Este hombre no tenía en absoluto ninguna conciencia de haber asesinado a nadie; se limitaba a cumplir su trabajo: organizar en un determinado tramo el paso de los trenes. Y realizó su trabajo con absoluta dedicación y entrega, de lo que se siente orgulloso, pues para él el valor más importante es respetar la ley y trabajar con profesionalidad.
Eichmann está convencido de que cumplió con su deber. Hannah Arendt explica esta situación porque suspendemos la capacidad de pensamiento y se la traspasamos a otro que decide por nosotros. Aunque quizá ese otro u otros a su vez en realidad no pueden decidir nada, y al final nadie parece ser responsable del horror creado entre todos.
Hannah se atreve a dar un paso más allá y plantea que en cierto modo la actuación de los líderes judíos puede estudiarse desde los mismos parámetros, pues se limitaron a acatar lo que no podía cambiarse. Por estas afirmaciones la escritora es acusada de arrogante e insensible, y sufrió el rechazo masivo y visceral de judíos y no judíos.
La misma Hannah, a pesar del rechazo, hizo lo único que estaba en ella hacer: pensar y abrir a los demás caminos del pensamiento. No juzga la actuación de los líderes judíos, y sin duda considera que Eichmann merece la condena de morir colgado. Solamente constata que el mal pervive por la colaboración de las personas anónimas. Como antídoto, propone el pensar, como fuente de fuerza especialmente en aquellos momentos en que todo parece perdido.

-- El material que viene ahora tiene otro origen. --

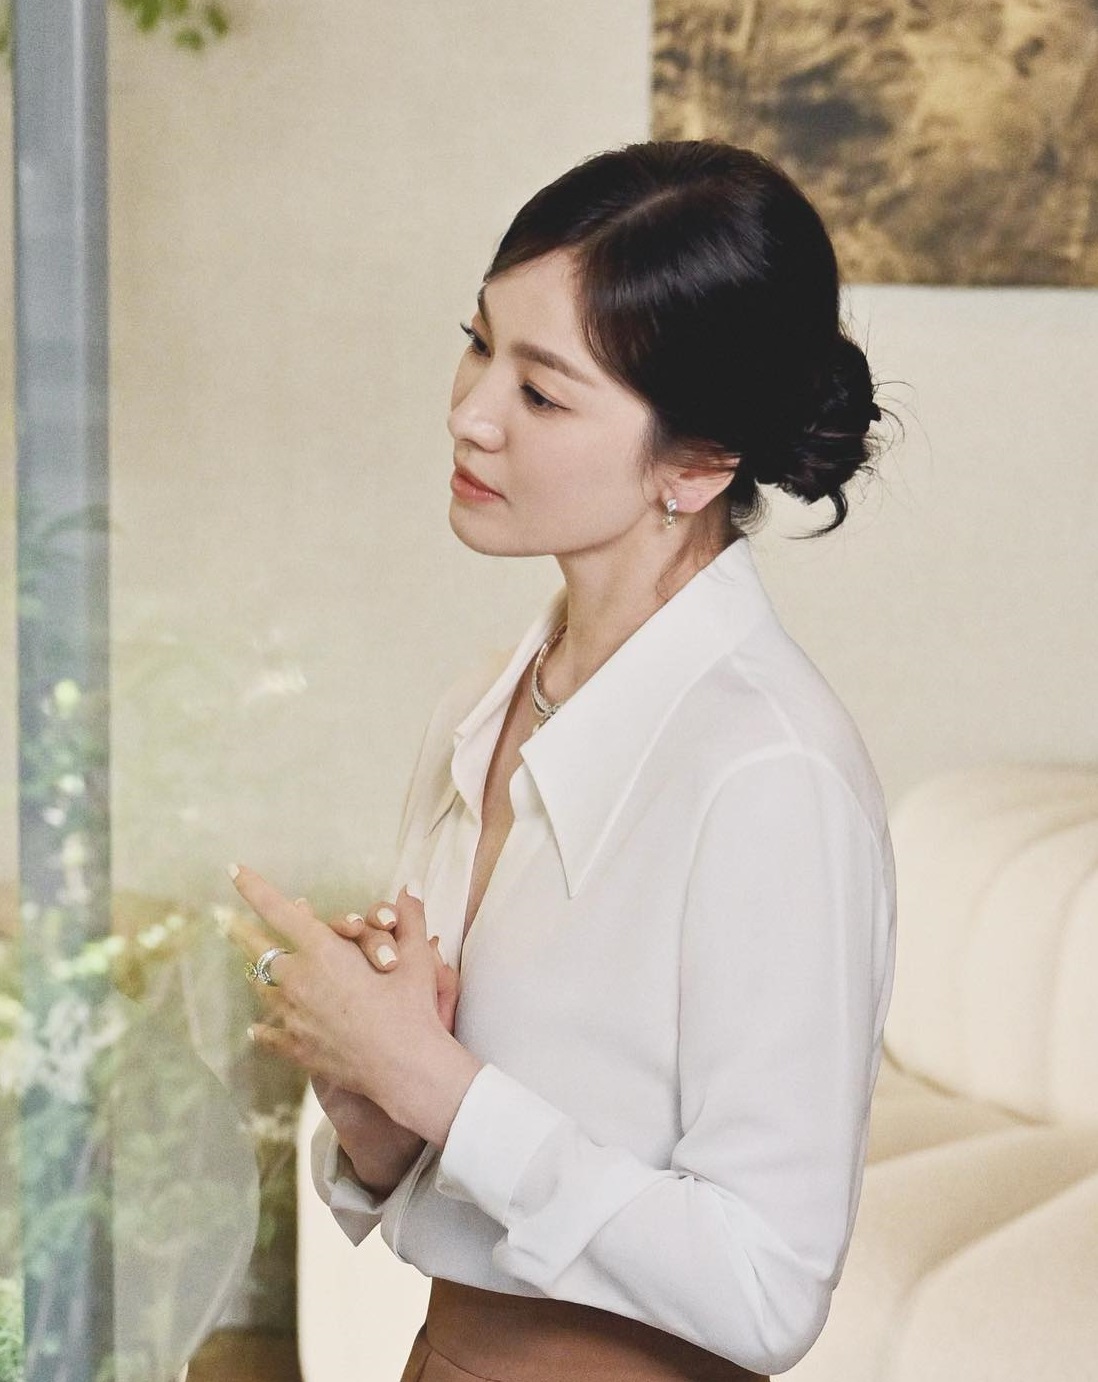 Tham khảo Song Hye Kyo 4 cách buộc tóc sang trọng dành cho phụ nữ trên 40 tuổi - Ảnh 2.

Dice la pensadora, y es mi conclusión, que el mal puede ser extremo, pero nunca radical: radical y consciente solo puede ser el bien.
Es difícil pensar cuando las estructuras del mal nos constriñen el cerebro como un casco con tuercas de tortura. Por eso el bien es la revolución, dura, difícil y solitaria. Por eso el mal lo tiene tan fácil, y nosotros somos y nos sentimos tan limitados.
Se equivocaba el águila al mofarse del colibrí con su gota de agua en el pequeño pico para apagar el fuego; no supo ver la conciencia y radicalidad que llevaba el pájaro consigo. Es así como la gota se convierte en necesaria y revolucionaria y como acabará por llamar a otros y apagar el fuego.